Faced with a problem that cannot be ignored, budget and deadline constraints often push well-meaning decision makers toward the fastest, cheapest fix. A quick fix treats the symptoms, but rarely addresses the underlying problem. This pattern is described by the “shifting the burden” systems archetype. Decision makers recognize a problem and see two possible courses of action. One is a symptomatic approach, which appears to be quicker and cheaper. The other is a fundamental approach, which requires more expenditure and time. Taking the quicker, cheaper route alleviates the symptoms, at least for a while. However, it also draws time, attention, and investment away from the fundamental solution. Worse, failing to tackle the fundamentals nearly guarantees that the problem will return. When it does, the reaction is to reimplement the symptomatic fix—further drawing attention and investment away from the fundamentals.

Shifting the burden is all too common in implementing an organizational change. Since only about 15-50% of change initiatives succeed, employees are often skeptical of an initiative’s staying power. A fundamental way to address this skepticism would be to demonstrate value from the change as well as management support for it (e.g., create small test cases, measure results, reward successes, anShapiro Oct Blogd learn from failures).
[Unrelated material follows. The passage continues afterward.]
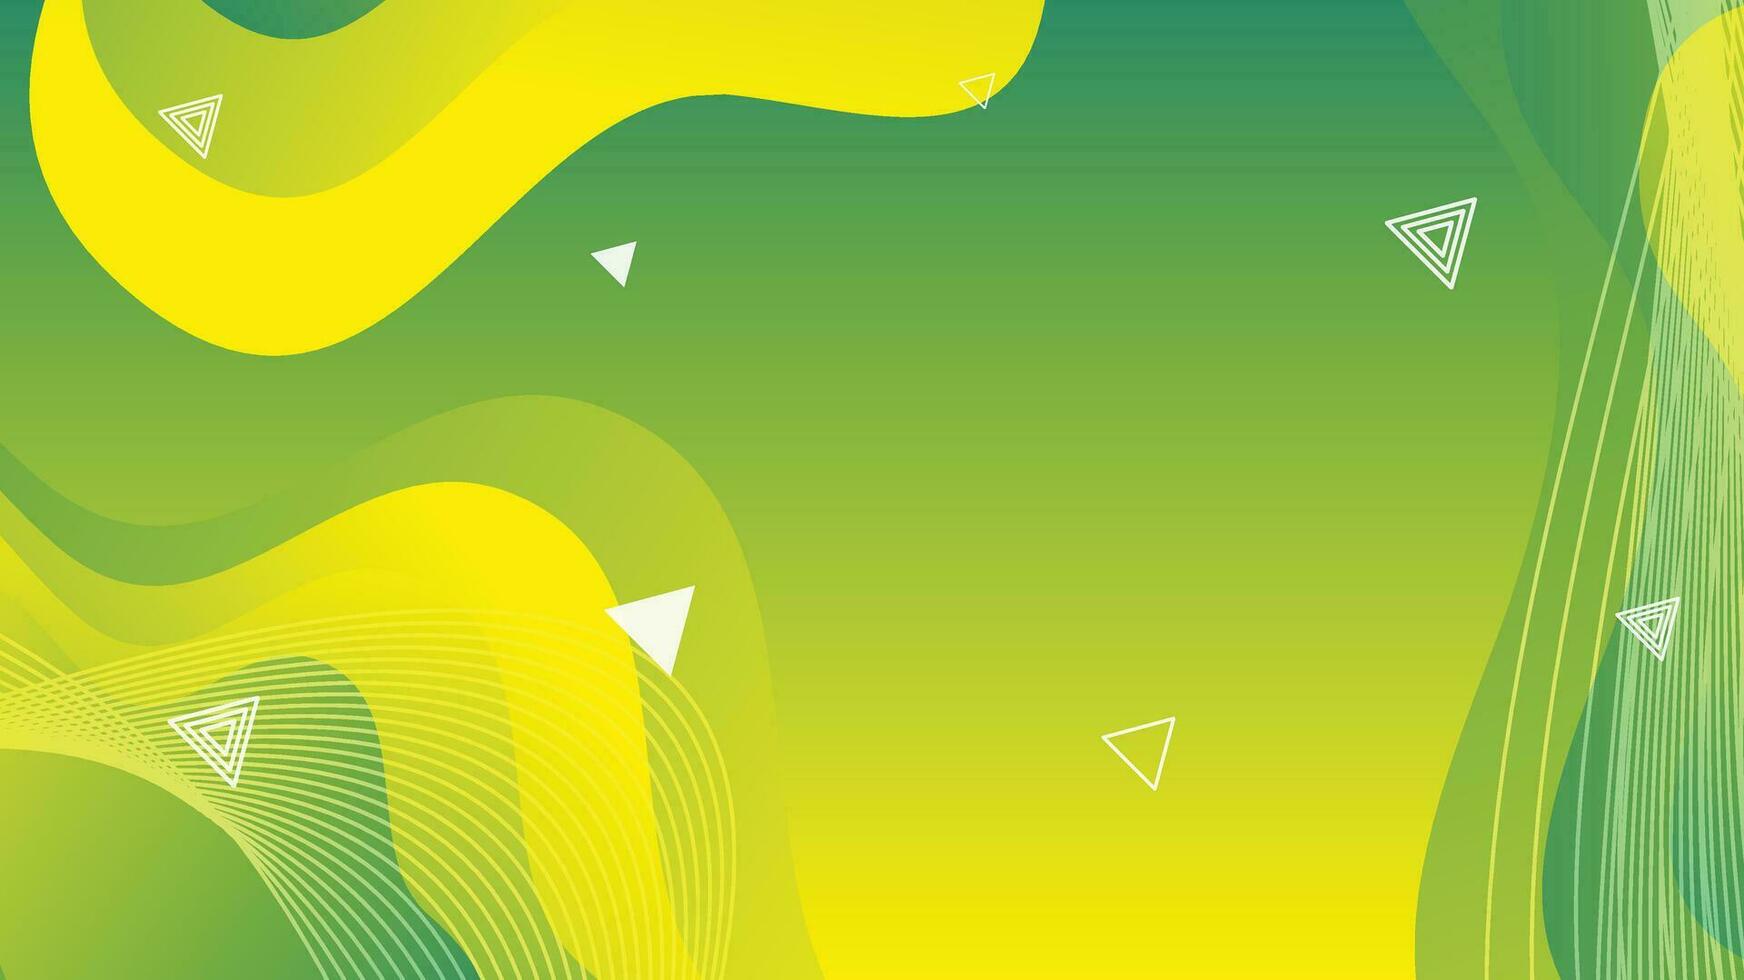 groen en geel helling vloeistof Golf abstract achtergrond vector
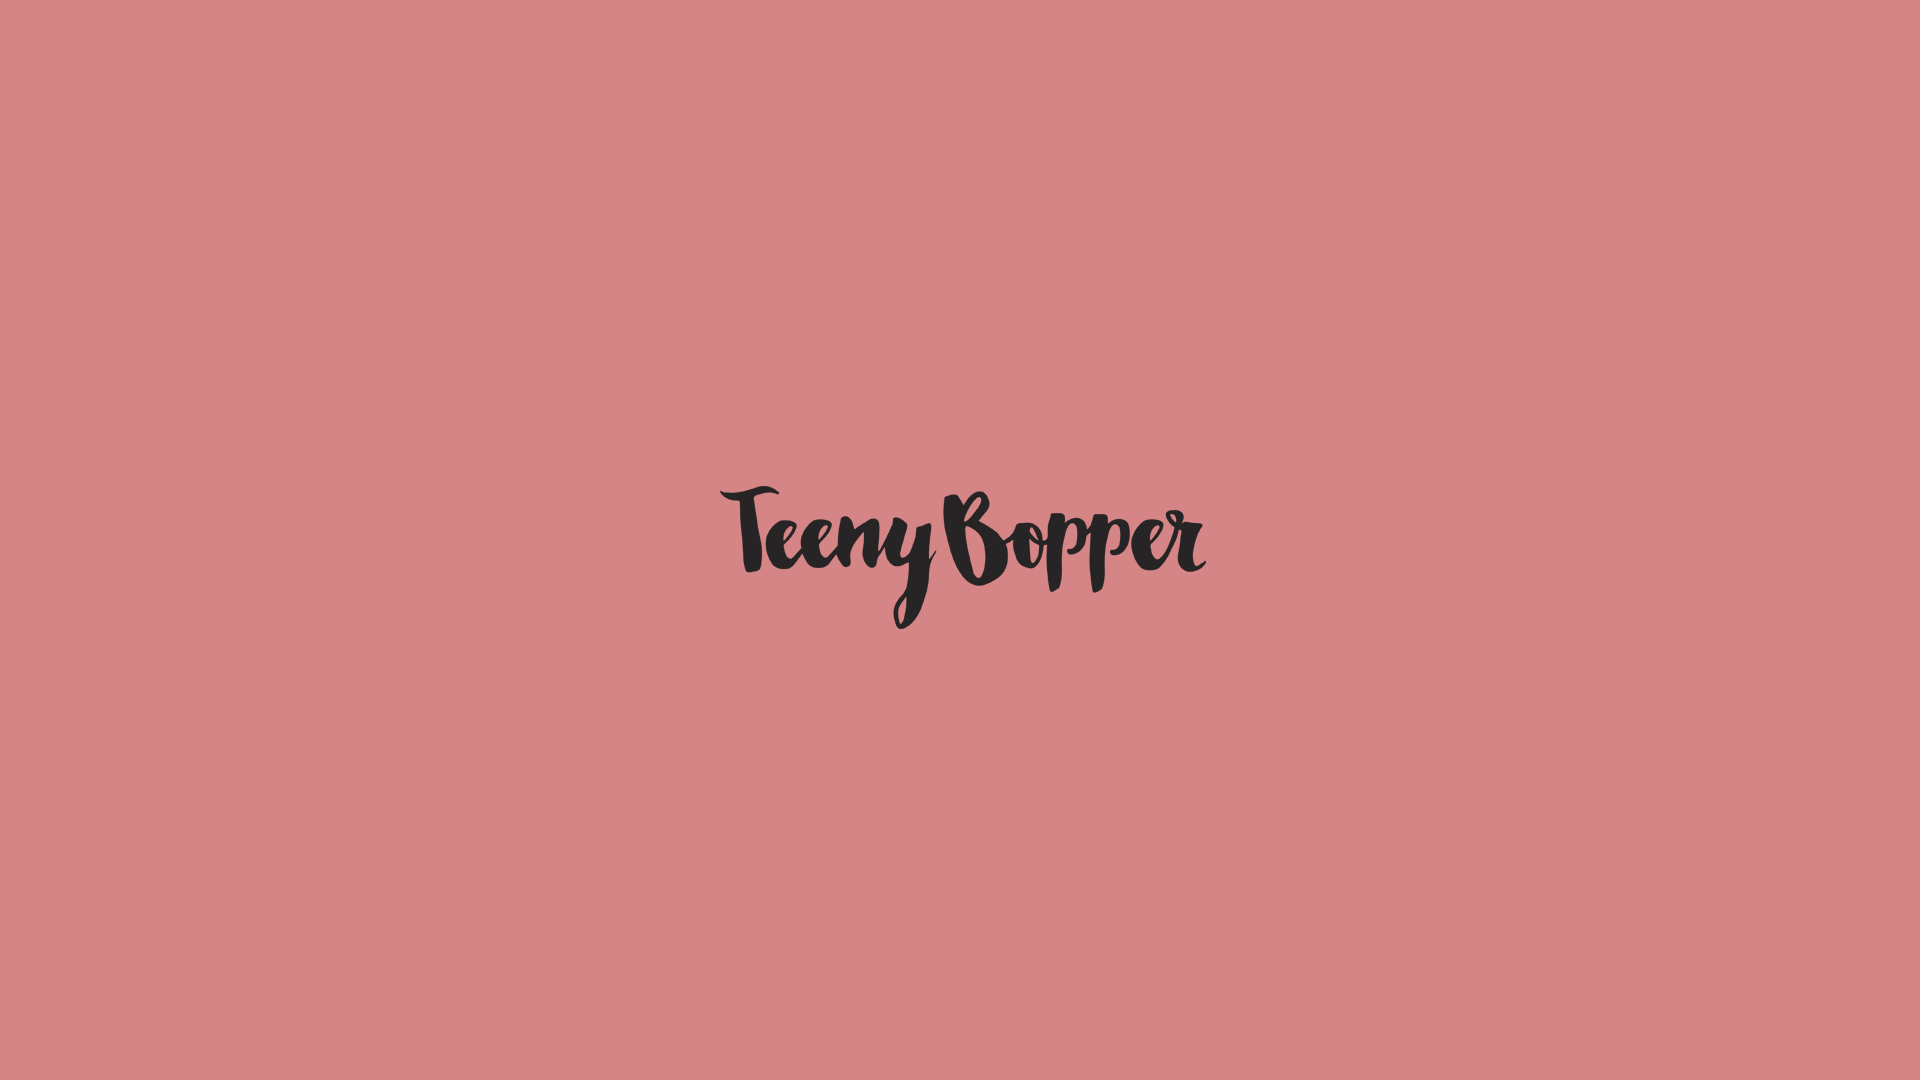 Teeny Bopper, web hecha por murciègalo en 2015

This fundamental approach takes time and money, both of which can be intimidating. A media campaign—which also makes people aware of the change and could include information on why it is needed—may look like a good alternative. No one turns to the media campaign because they believe it is better than the fundamental approach, rather because it is easily managed and measured, and it shows results quicker. A media campaign goes only so far, and if it is not backed by the fundamentals, the skepticism is soon back. The knee-jerk response is a bigger, better media campaign, drawing even more energy and resources away from the fundamental demonstration of value and support from management. The unintended side effect is a vicious circle that deepens employees’ doubt and skepticism, making it even harder for the fundamental solution to be effective.

Breaking this cycle takes deliberate action. A company implementing do-or-die improvements in their manufacturing processes to reduce inventory and still meet customer demand took such deliberate action.1 The firm had experienced many “flash in the pan” change initiatives in the past. Employees’ experience of previous change initiatives was a big announcement with insufficient follow-up and no real change. This history lead to employee skepticism about both the process improvement program and the company’s commitment to it. The VP responsible for the program led by example. He took careful steps to make sure his team understood the initiative and were all effective advocates for it. The team made certain that needed infrastructure was identified and quickly put into place. They were actively involved in bringing people on board who they felt were critical to implementing the process improvements. There were resisters to the program, and the VP himself dealt with them in an open and nonthreatening way. He either incorporated their ideas where appropriate, or used their objections as opportunities to explain the process and gain more alignment. This management commitment reduced employee skepticism and brought people on board to the change. Doubt was eradicated when employees saw reduced inventory, less expediting, and better customer service. The company reaped the rewards of successful process improvement by addressing employee skepticism head-on and in a fundamental way.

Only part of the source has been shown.